ASSIGNMENT
Keep the lines exact and the pictures out as you repeat the following listing.

EXERCISE DATA

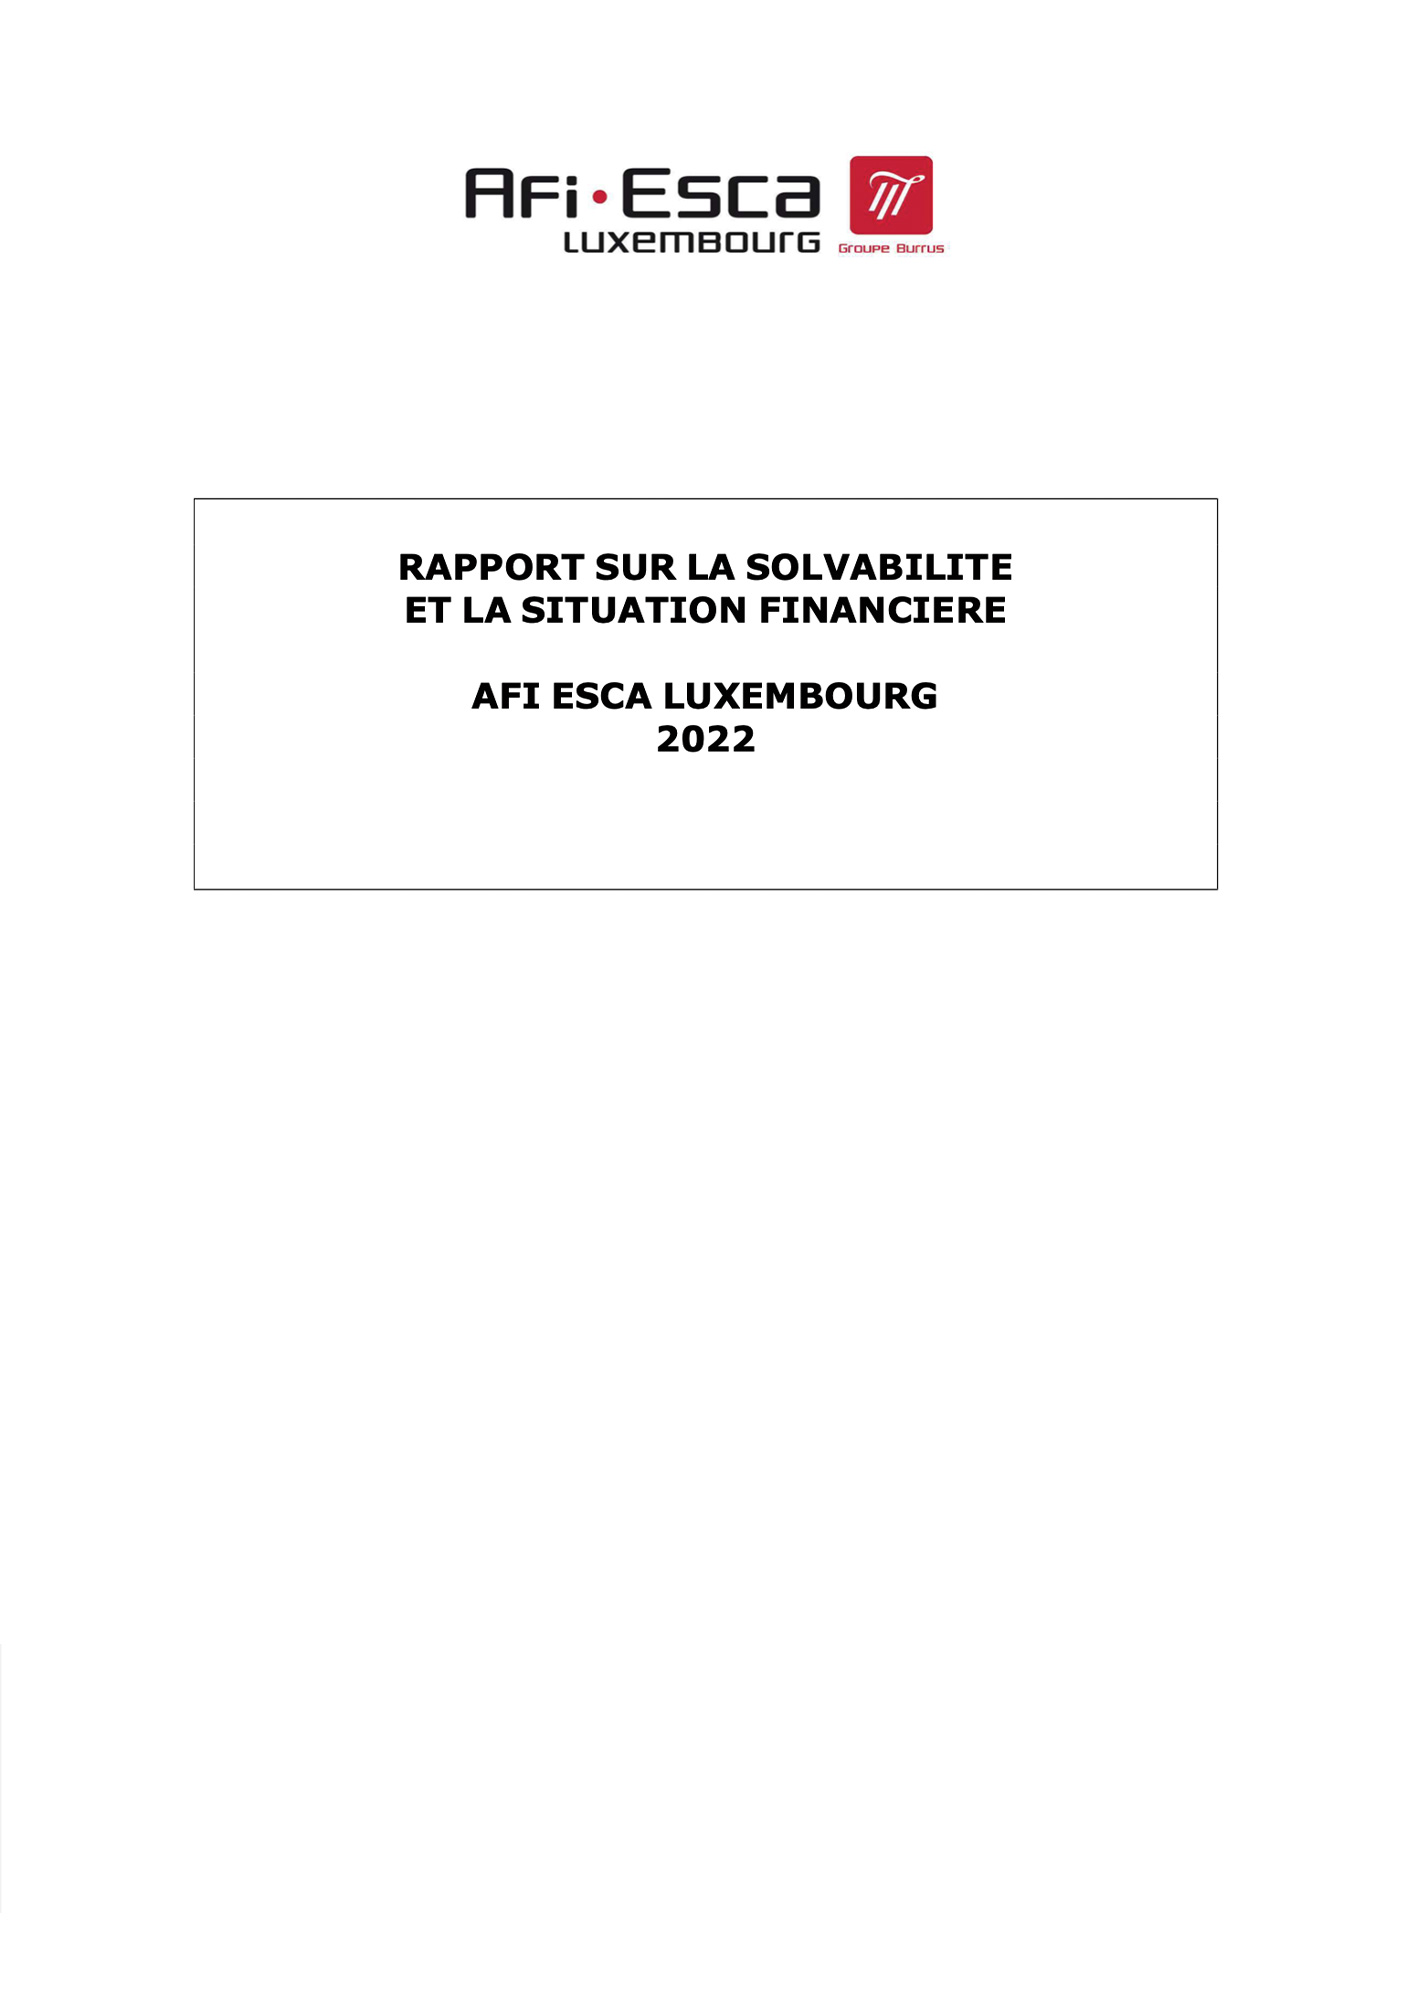 Rapport sur la solvabilité et la situation financière 2022
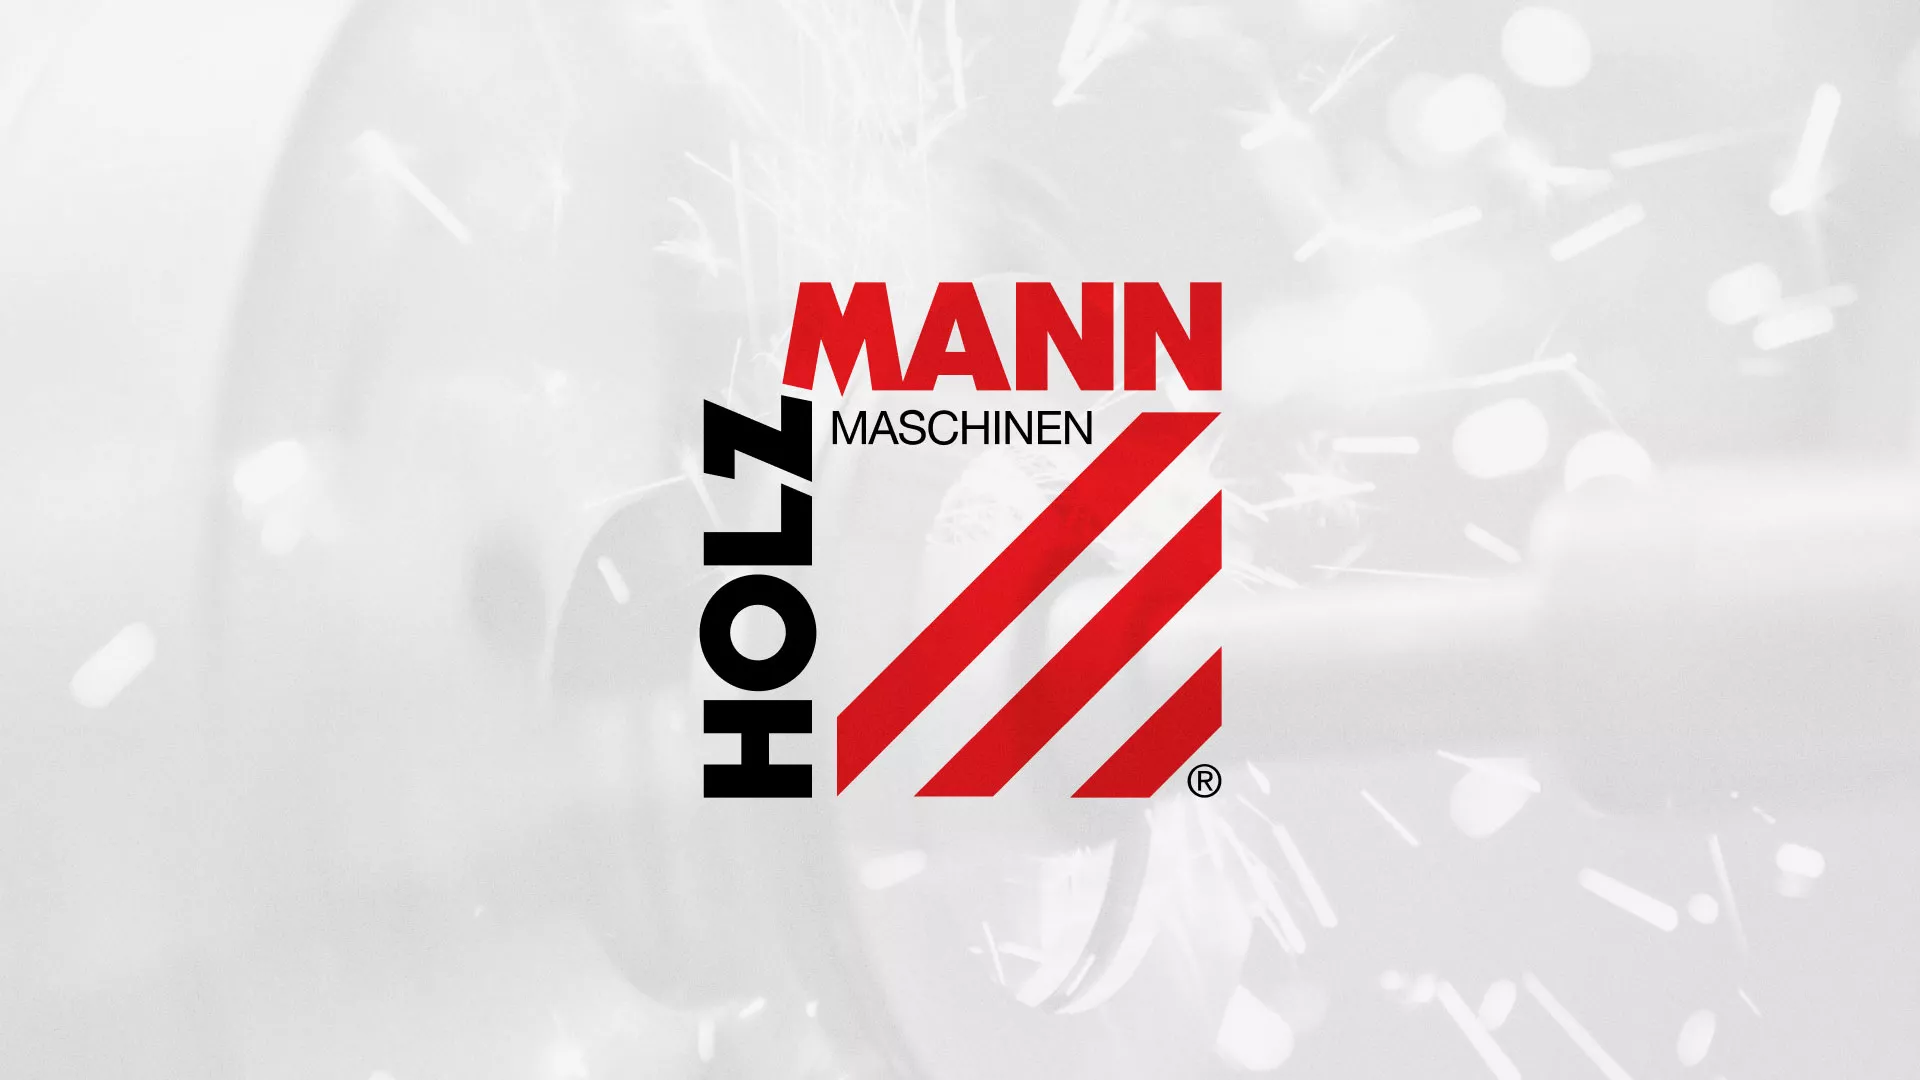 Создание сайта компании «HOLZMANN Maschinen GmbH» в Сочи
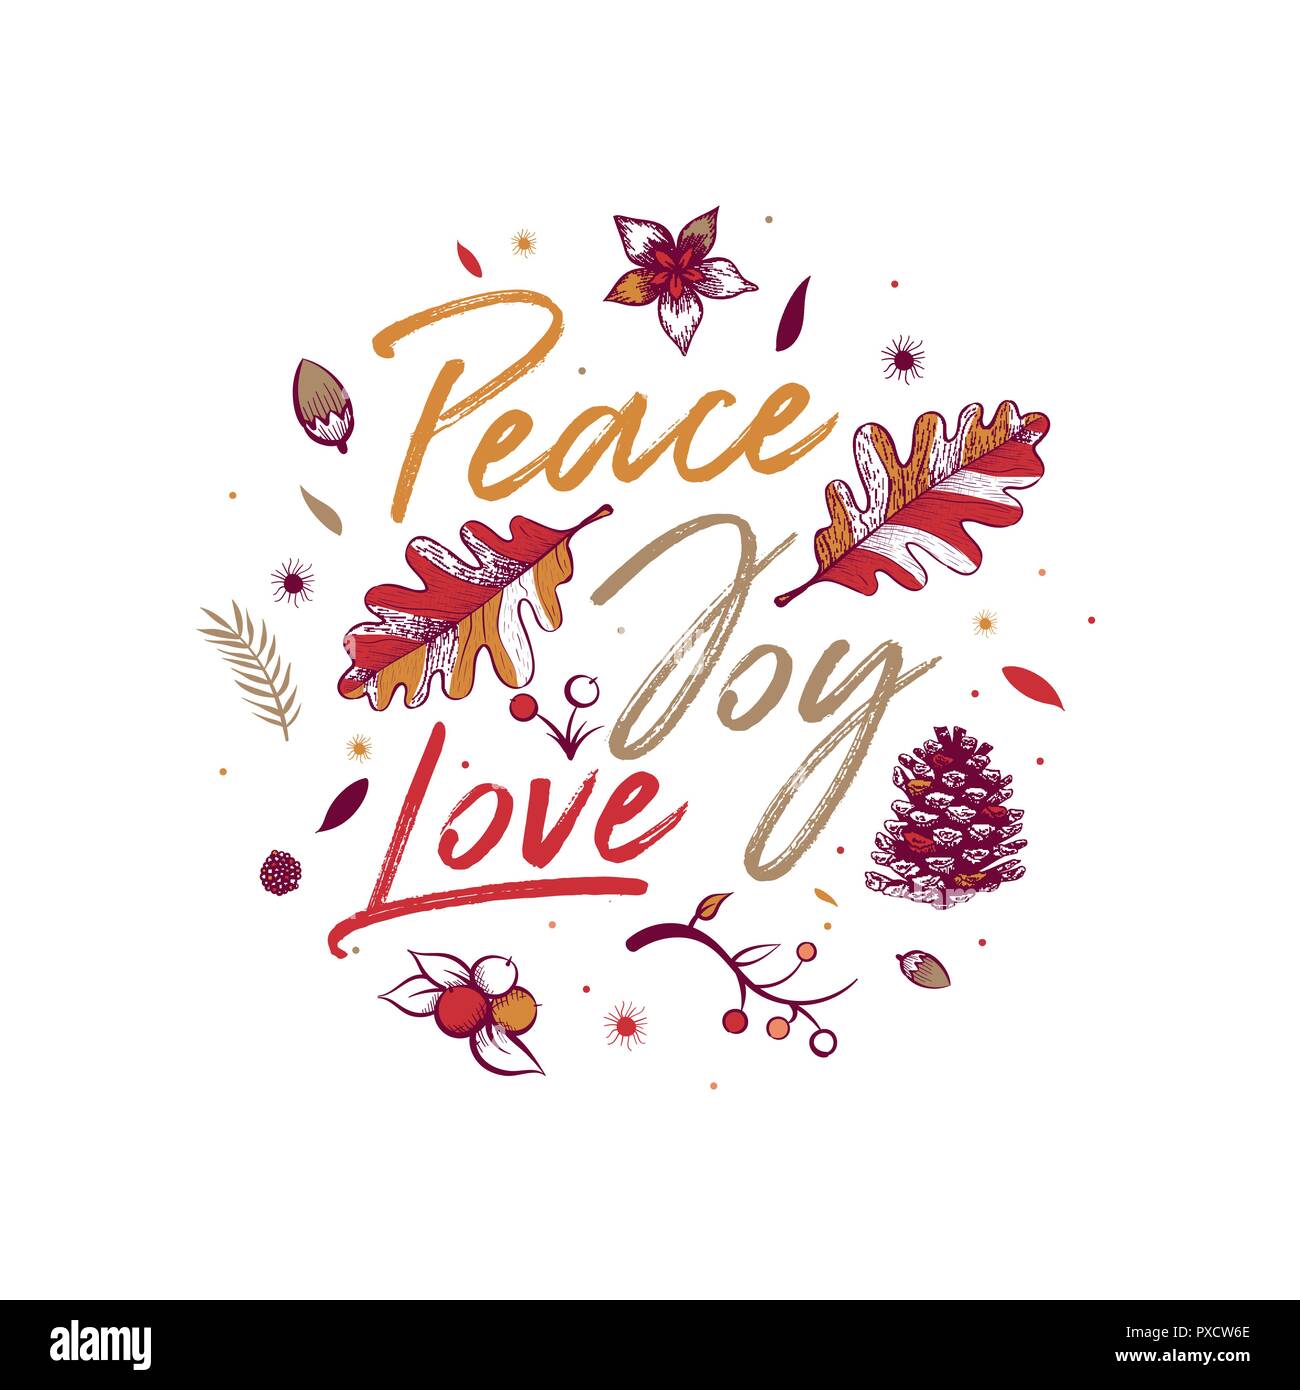 La pace e la gioia, l'amore. Natale greeting card design con disegnati a mano naturale oggetti d'inverno. Illustrazione Vettoriale

FINISHED EXERCISE
 Rapport sur la solvabilité et la situation financière 2022
 Создание сайта компании «HOLZMANN Maschinen GmbH» в Сочи
 La pace e la gioia, l'amore. Natale greeting card design con disegnati a mano naturale oggetti d'inverno. Illustrazione Vettoriale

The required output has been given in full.